In 1949, MGM Studios commissioned Rawlings to write an expanded version of “A Mother in Mannville” for a movie based on the Lassie series. Many changes were made to this version’s plot, including recasting the female narrator as a singer. The episode evokes a similar mood and tone to Rawlings’s story; however, the woman adopts the boy in the Lassie tale.
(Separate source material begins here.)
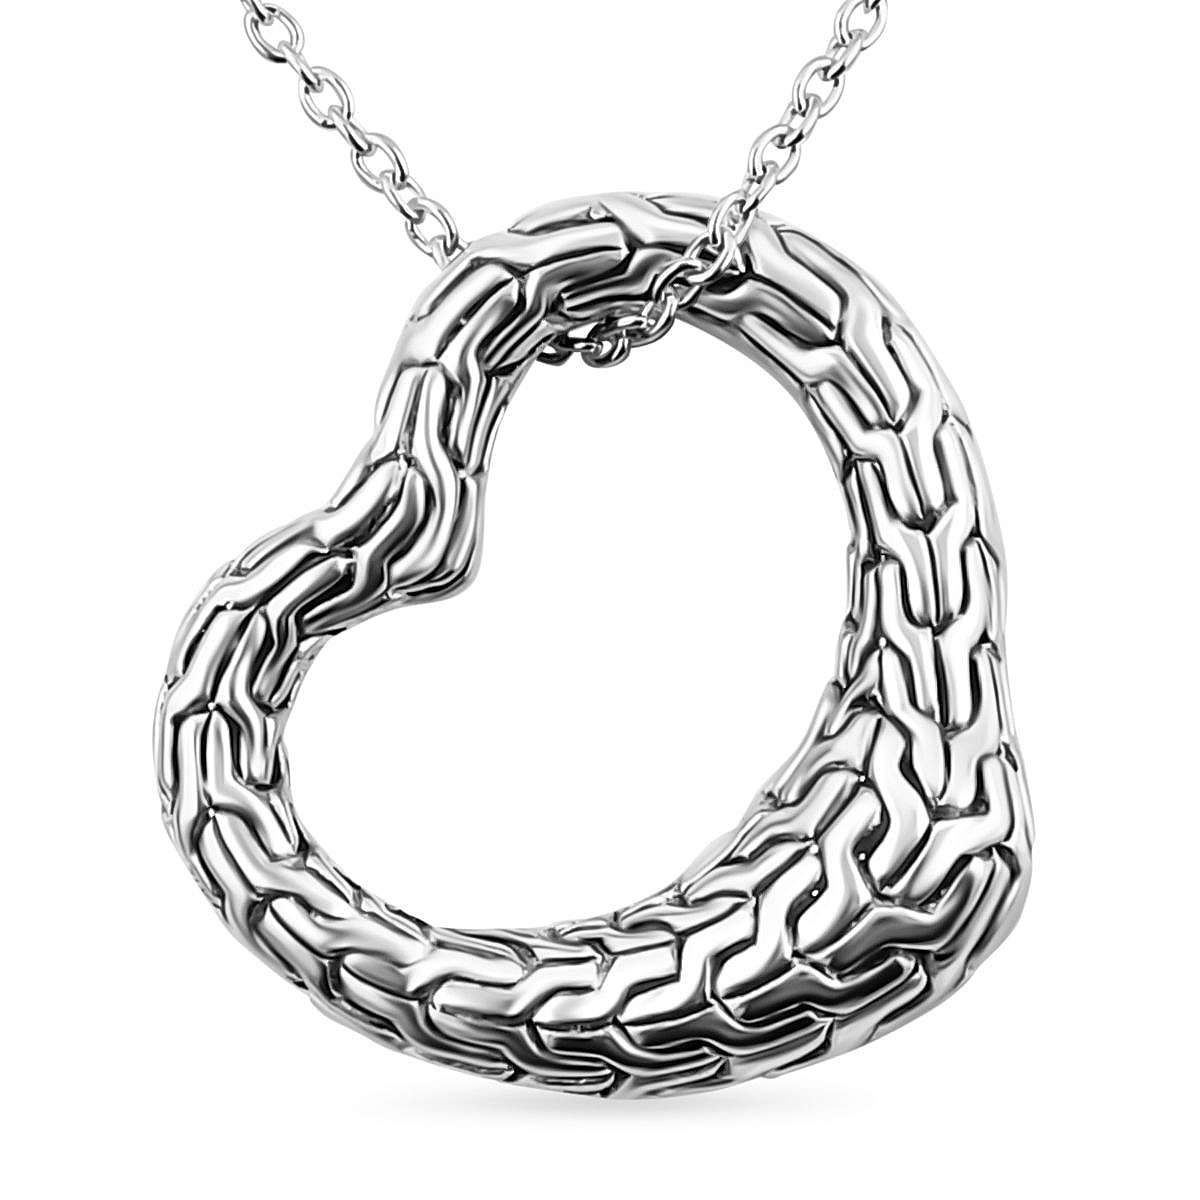 Royal Bali - Handmade Sterling Silver Heart Tulang Naga Pendant with Chain (Size 20)
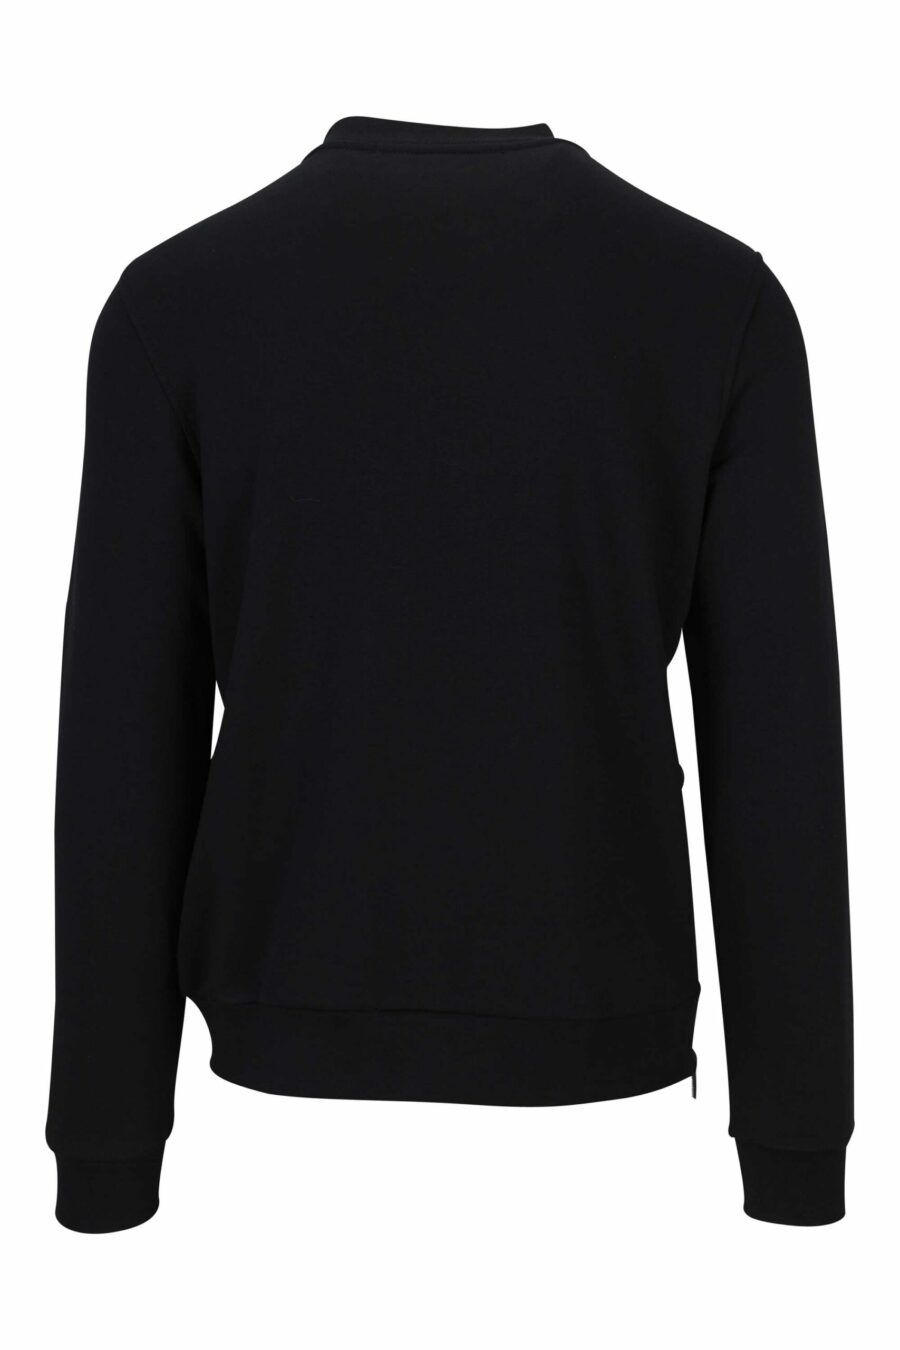 Schwarzes Sweatshirt mit gesticktem Minilogue - 4062226652995 1 1 skaliert

Although calls for improvements to women’s societal standing preceded it by decades (if not centuries), the 1848 Seneca Falls Convention is generally viewed as the beginning of organized first-wave feminism in the US. At this meeting, Elizabeth Cady Stanton presented her “Declaration of Sentiments” outlining women’s rights, including the right to own property, the right to meaningful employment, and the right to vote. Feminist activism in the late 19th and early 20th centuries would especially coalesce around the latter demand, which was achieved in 1920. The extension of suffrage to women expedited societal changes that were already underway as a result of World War I, when women increasingly began to work outside the home as men served overseas. By the 1920s, mores surrounding women’s independence and sexual freedom were comparatively relaxed, but only in relation to their former rigidity: The ideal woman was still a homemaker, wife, and mother.
Rawlings lived during this period of upheaval and change. She was 24 years old when women obtained the right to vote and lived through the Great Depression and both World Wars. She was an unusually independent woman and didn’t conform to societal norms, smoking in public at a time when most women did so in secret and being open about her affinity for liquor. She also stood up to editors who wished to censor or tone down her work. Though she married, Rawlings did not fit the social construct of what a wife should be in her day, often staying alone for long periods at Cross Creek rather than joining her husband on various business trips. She was financially independent, strong-willed, and opinionated. The narrator of “A Mother in Manville” is implied to share many of these qualities, as she has sought out isolation to pursue her writing. Her implied regret about the missed opportunity to mother Jerry hints that her independence has come at a cost; where a man of the era could relatively easily balance work and family, a woman determined to pursue a career might have to forgo marriage or motherhood.